What to do
In the data below, one line contains "modèle harmonieux sans" and a later one contains "Toegang tot gedeblokkeerde games 88". Print both, with every line between them, exactly and alone.

[Source information Boundary: Start]

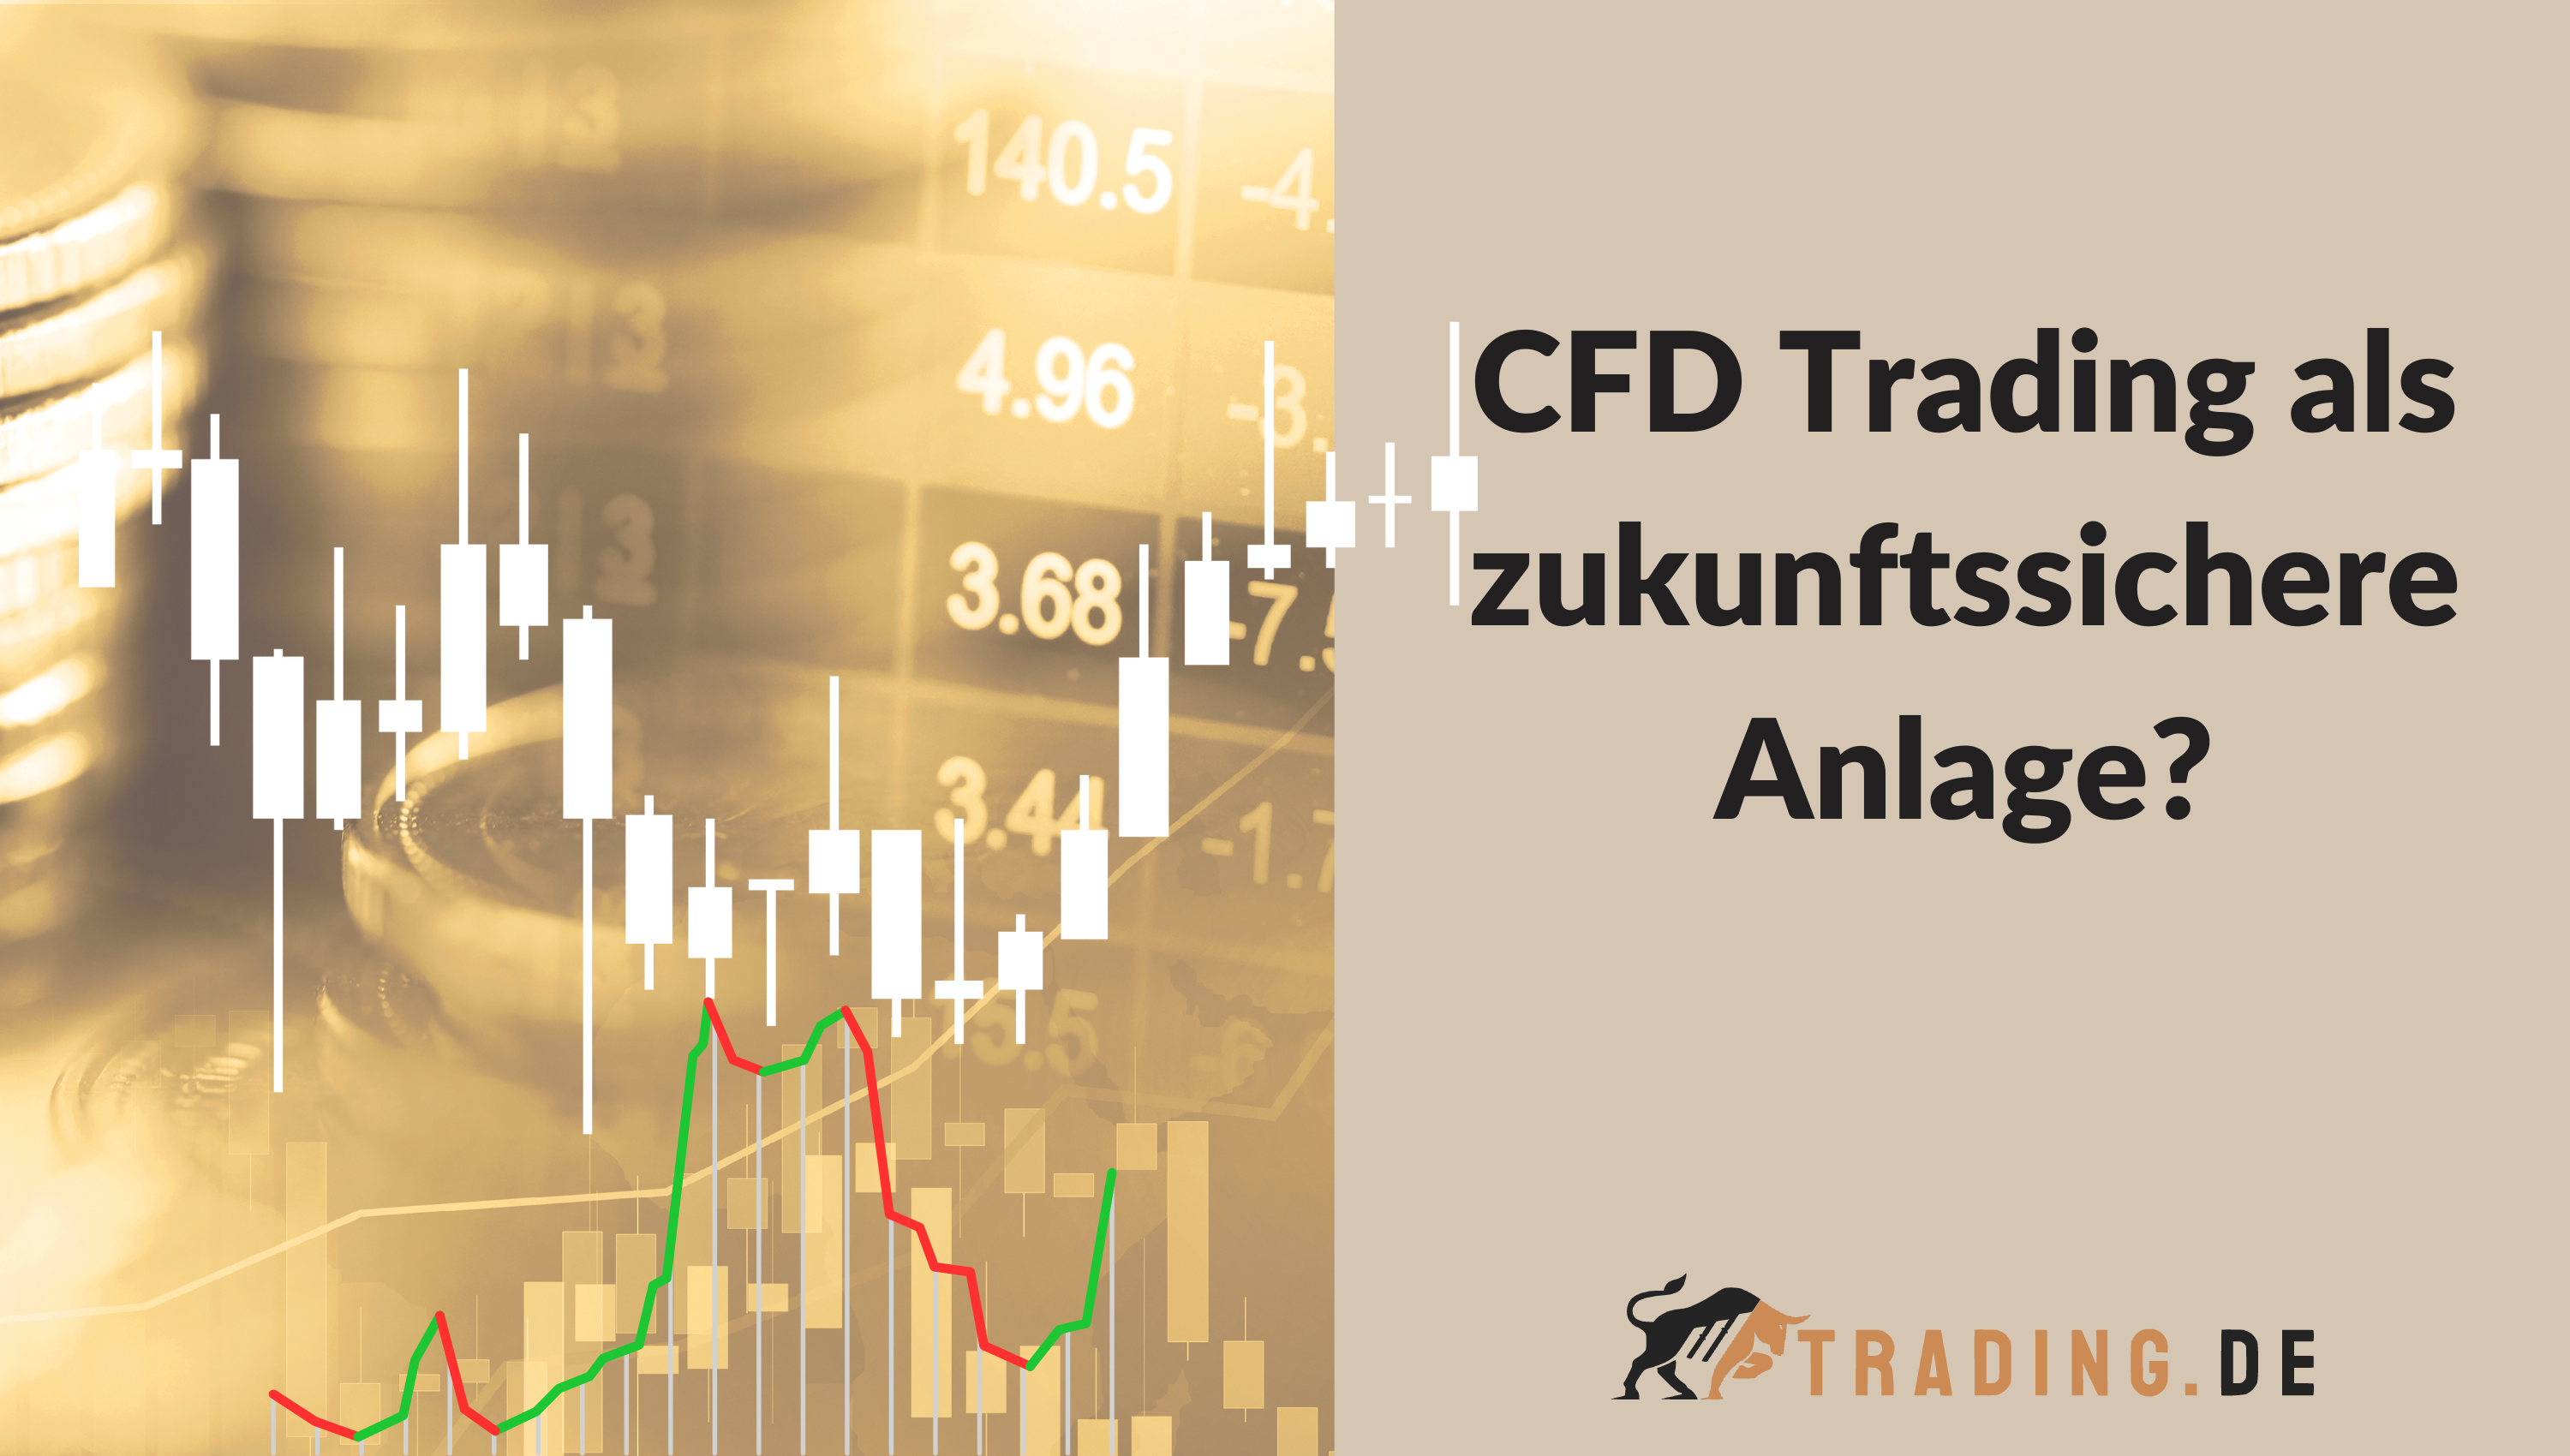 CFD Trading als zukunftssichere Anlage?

[Source information Boundary: End]
[Source information Boundary: Start]

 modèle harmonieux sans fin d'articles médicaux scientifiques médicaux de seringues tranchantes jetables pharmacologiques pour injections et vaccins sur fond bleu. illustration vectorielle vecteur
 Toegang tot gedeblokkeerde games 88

[Source information Boundary: End]
[Source information Boundary: Start]

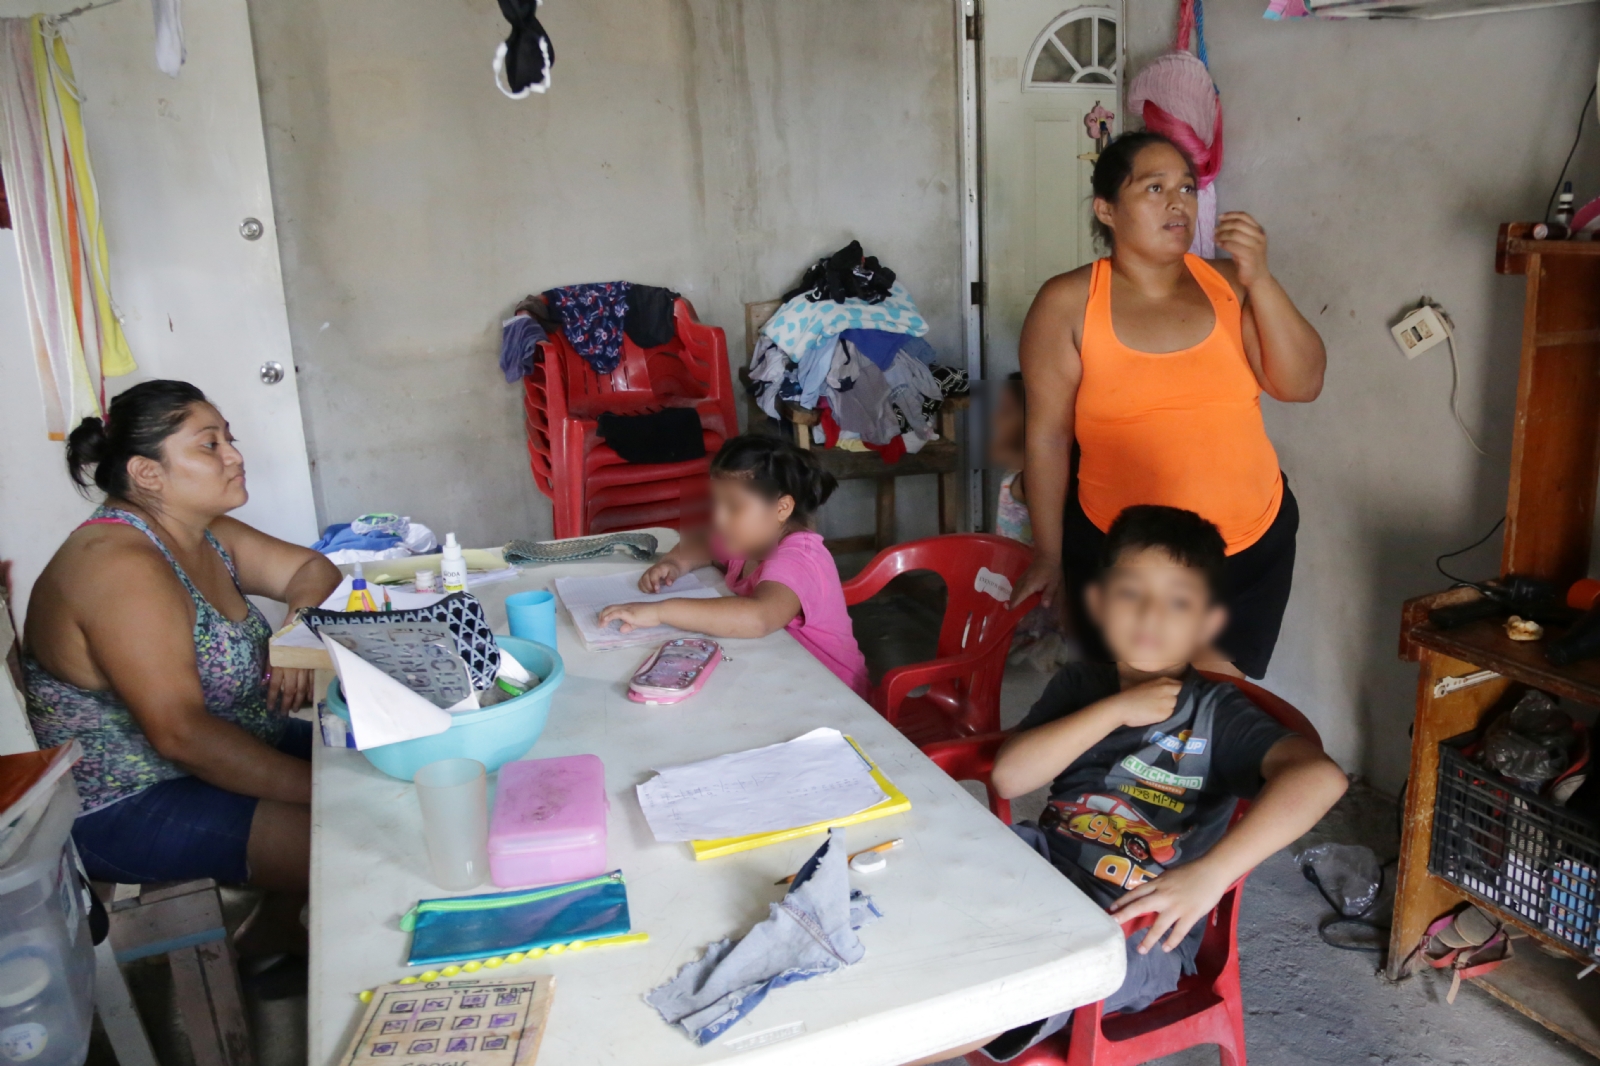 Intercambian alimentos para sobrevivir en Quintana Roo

[Source information Boundary: End]

Exercise output
 modèle harmonieux sans fin d'articles médicaux scientifiques médicaux de seringues tranchantes jetables pharmacologiques pour injections et vaccins sur fond bleu. illustration vectorielle vecteur
 Toegang tot gedeblokkeerde games 88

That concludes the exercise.